Short answer: yes, it is safe to use Python tarlib
to compress the data, nothing is lost compared to BSD tar
.
Underlying issue: sorting
I think the underlying issue is that BSD tar
and GNU tar
without any sort options put the files in the archive in an undefined order.
GNU tar
has a --sort
option:
sort directory entries according to
ORDER
, which is one ofnone
,name
, orinode
.
The default is--sort=none
, which stores archive members in the same order as returned by the operating system.
Testing GNU tar
To test this I installed GNU tar
on my Mac with:
brew install gnu-tar
And then tarred the same folder, but with the --sort
option:
gtar --sort='name' -cJf zsh-archive-sorted.tar.xz /Users/user/Desktop/temp/tar/2021-03-11
The zsh-archive-sorted.tar.xz
archive is 1.5 MB, equal to the size of the archive created by the Python library.
Concatenating in sorted order
The effect sorting has on the final archive size is further demonstrated by first concatenating all the JSON files sorted by name (which has the creation unixtime at the beginning of it) and then tarring with BSD tar
:
cat *.json > all.txt
tar cJf zsh-cat-archive.tar.xz all.txt
The zsh-cat-archive.tar.xz
archive is also 1.5 MB.
Python tarfile
sorting
Finally, the documentation of the Python TarFile.add
function confirms that Python tarfile
sorts by default:
Directories are added recursively by default. This can be avoided by setting recursive to False. Recursion adds entries in sorted order.
Why sorting matters
I think the reason sorting has such an impact in my case is as follows:
My JSON files contain locations of hundreds of vehicles. Every minute I read out all the locations, but only a few of these locations have a different value from minute to minute.
By sorting the files by name, two subsequent files have little different characters between them.
Apparently this is very favourable for the compression efficiency.

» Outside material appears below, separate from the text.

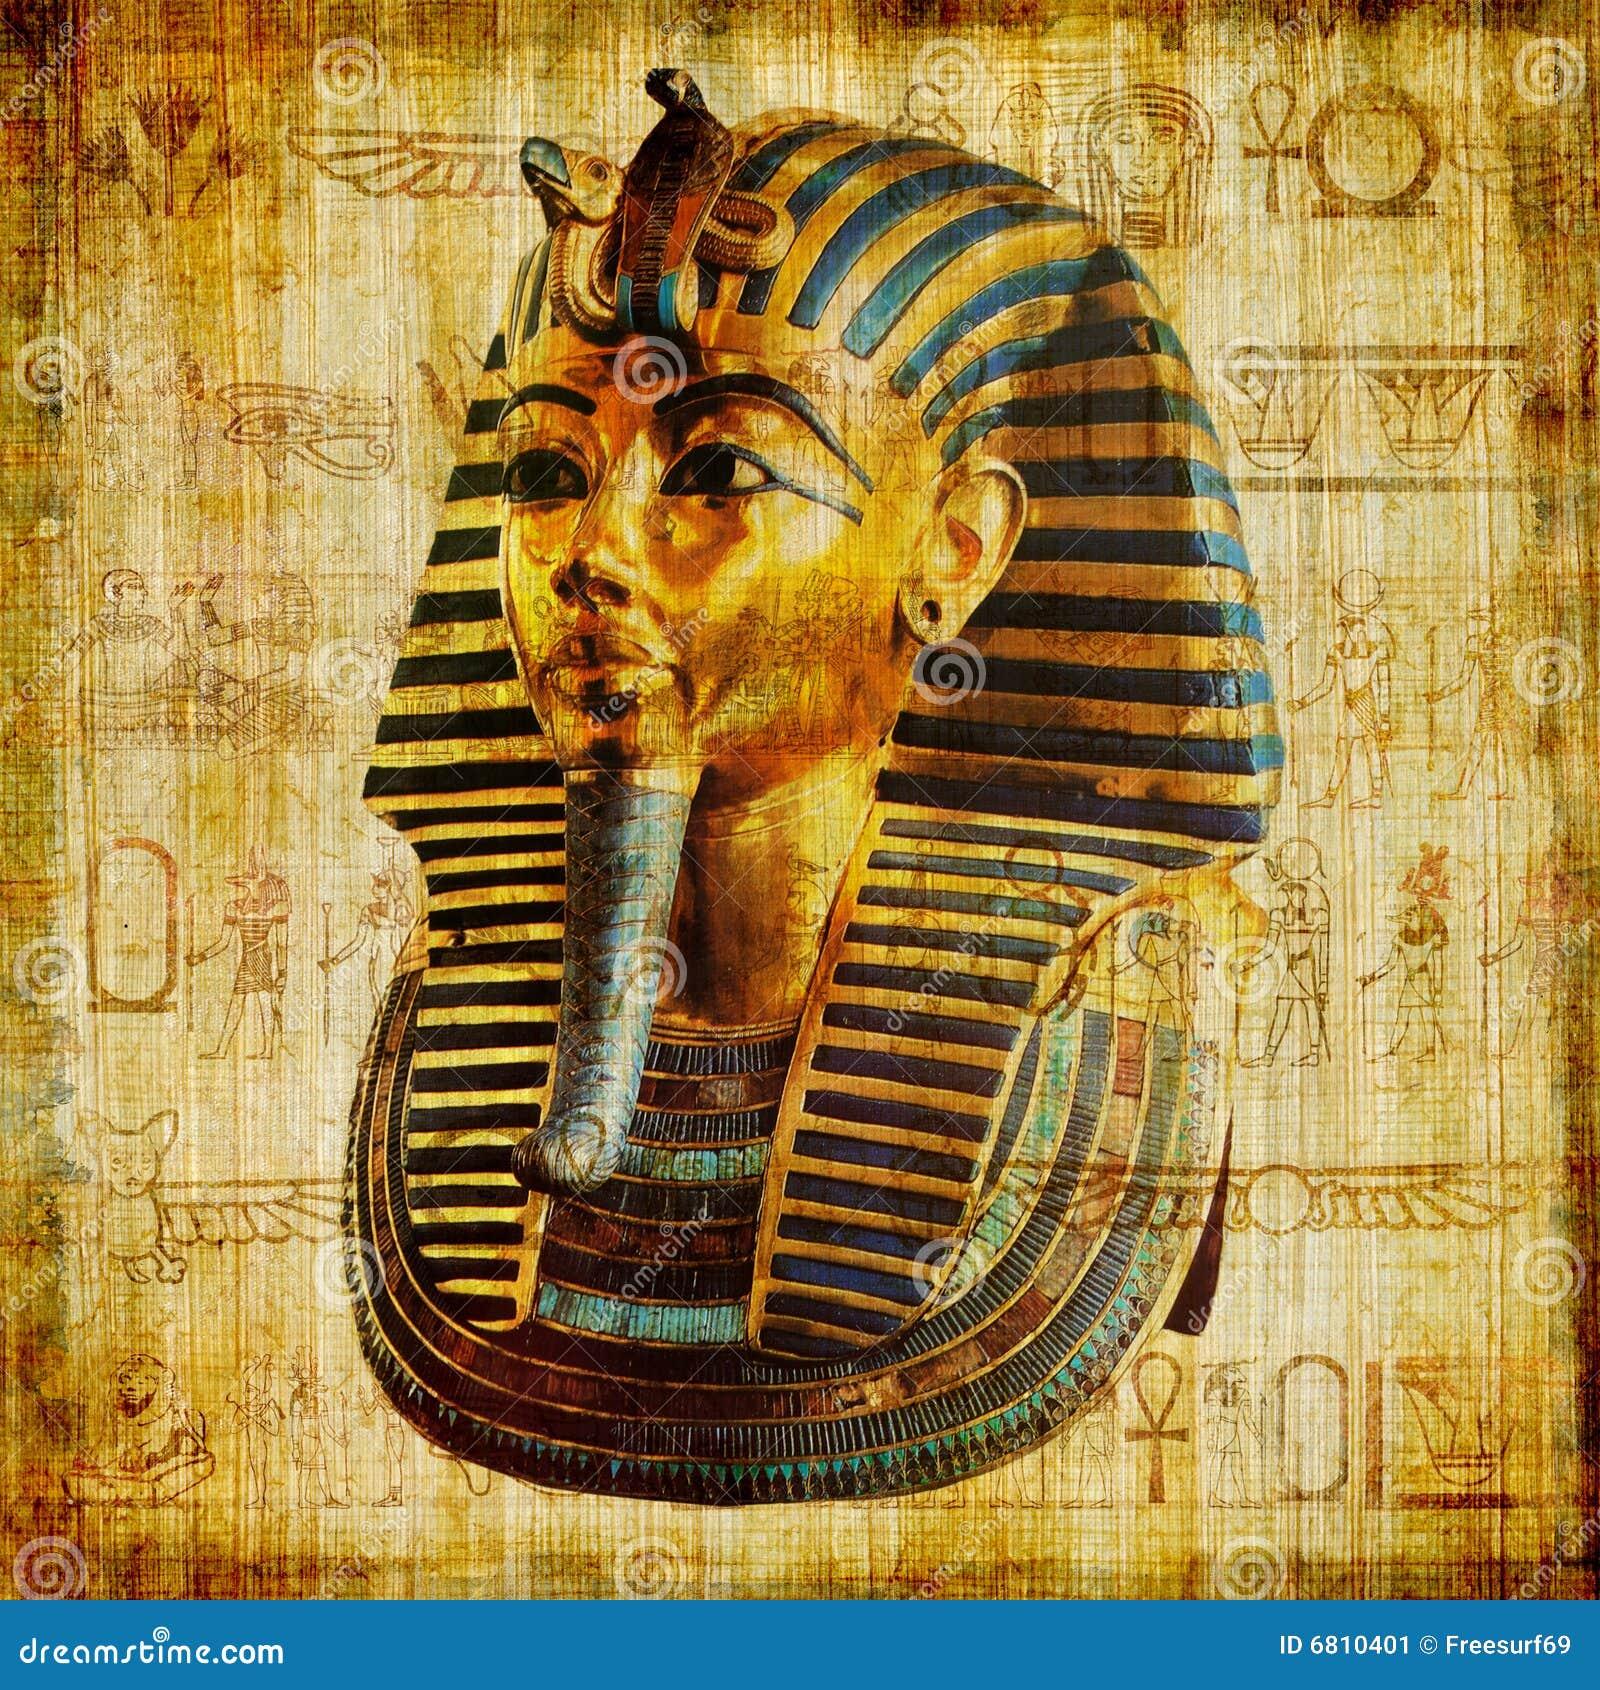 Egypt Wallpaper: Egyptian Background Stock Illustration. Illustration Of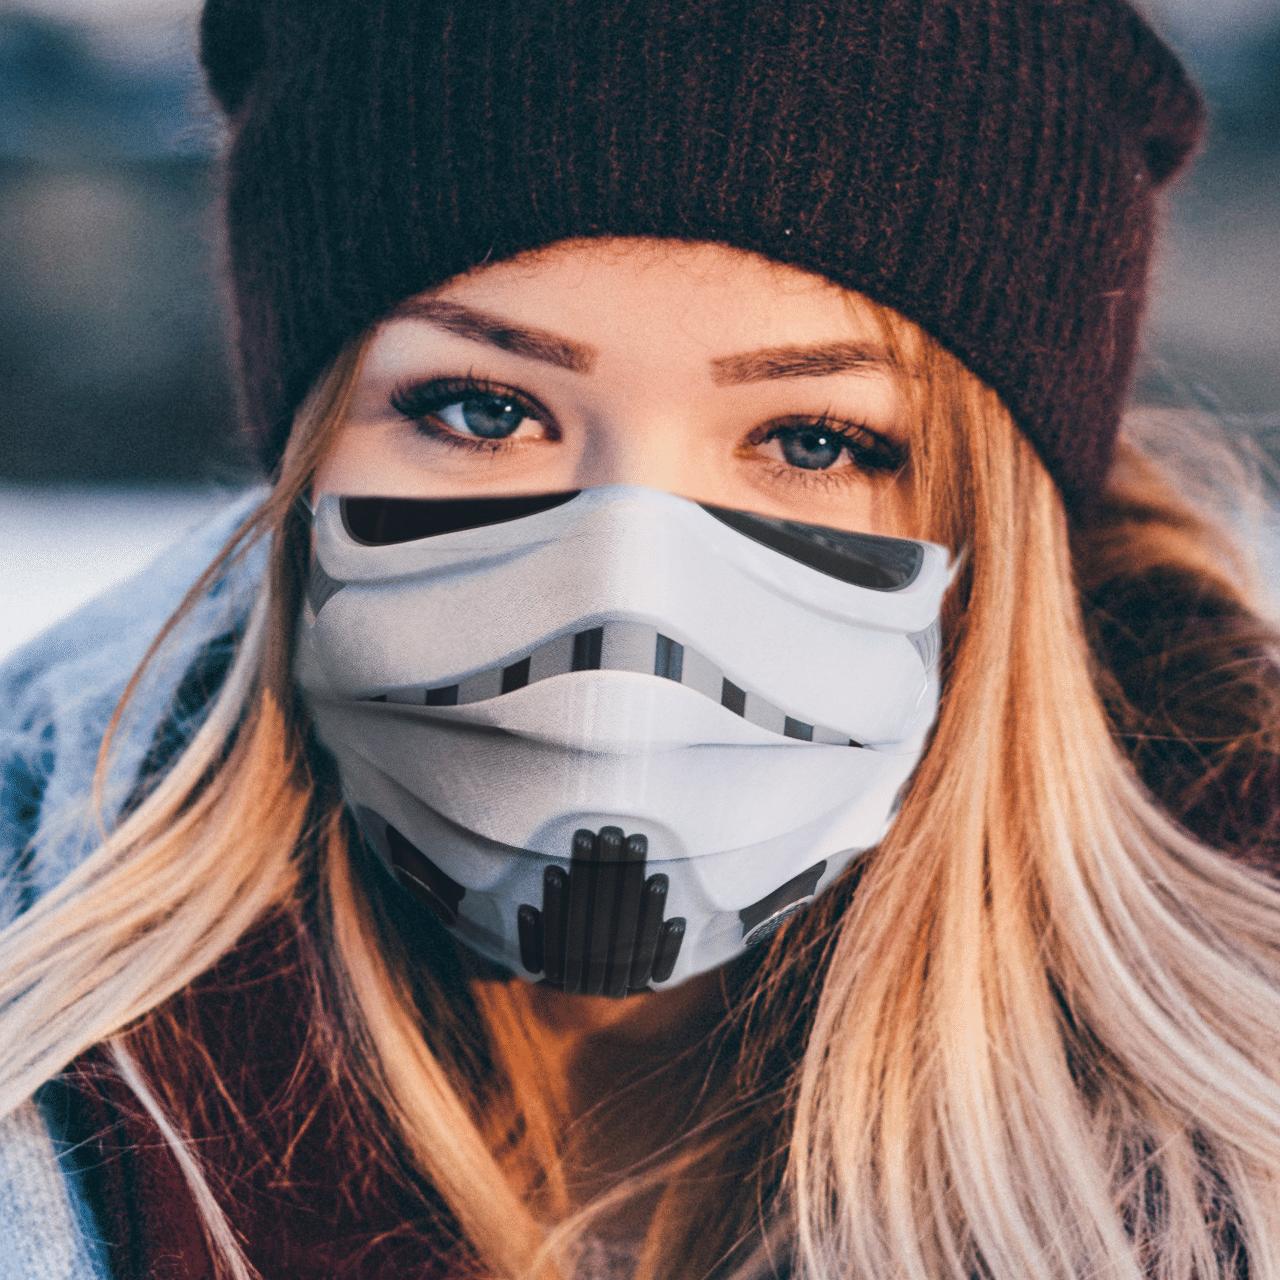 Star Wars Stormtrooper 3D face mask

Try setting the compression levels in the macOS command line.
I know you are asking about xz
but explained in this answer here, on older versions of GZip you can set the compression level with an environment variable like this:
GZIP=-9 tar cf zsh-archive.tar.xz folderpath
That said, that only seems to work with GZip 1.8 and is depreciated on later versions. So use the -I
/--use-compress-program=COMMAND
option for tar instead; note this option might not work on macOS but placing here anyway just in case. So the command would then change to:
tar -I 'gzip -9' -cf zsh-archive.tar.xz folderpath
And yes, these examples would be compressing the archive Gzip instead of xz
, but you can easily change the command to this to use xz
like this:
tar -I 'xz -9' -cf zsh-archive.tar.xz folderpath
The xz
compression level ranges from -0
to -9
with the default being -6
; so -9
is the highest compression level.
Just note that xz
is not installed on macOS by default. To install it on macOS you must first install Homebrew and then install xz
via Homebrew like this:
brew install xz
Makes me wonder what Python is using for compression
http://tukaani.org/xz/
It's probably using the function calls in liblzma. Tar is probably piping through the xz shell command.
A quick comment on --sort=name
:
The sort option is a relatively recent enhancement to GNU tar and was introduced in tar version 1.28.
It may never be implemented in BSD tar.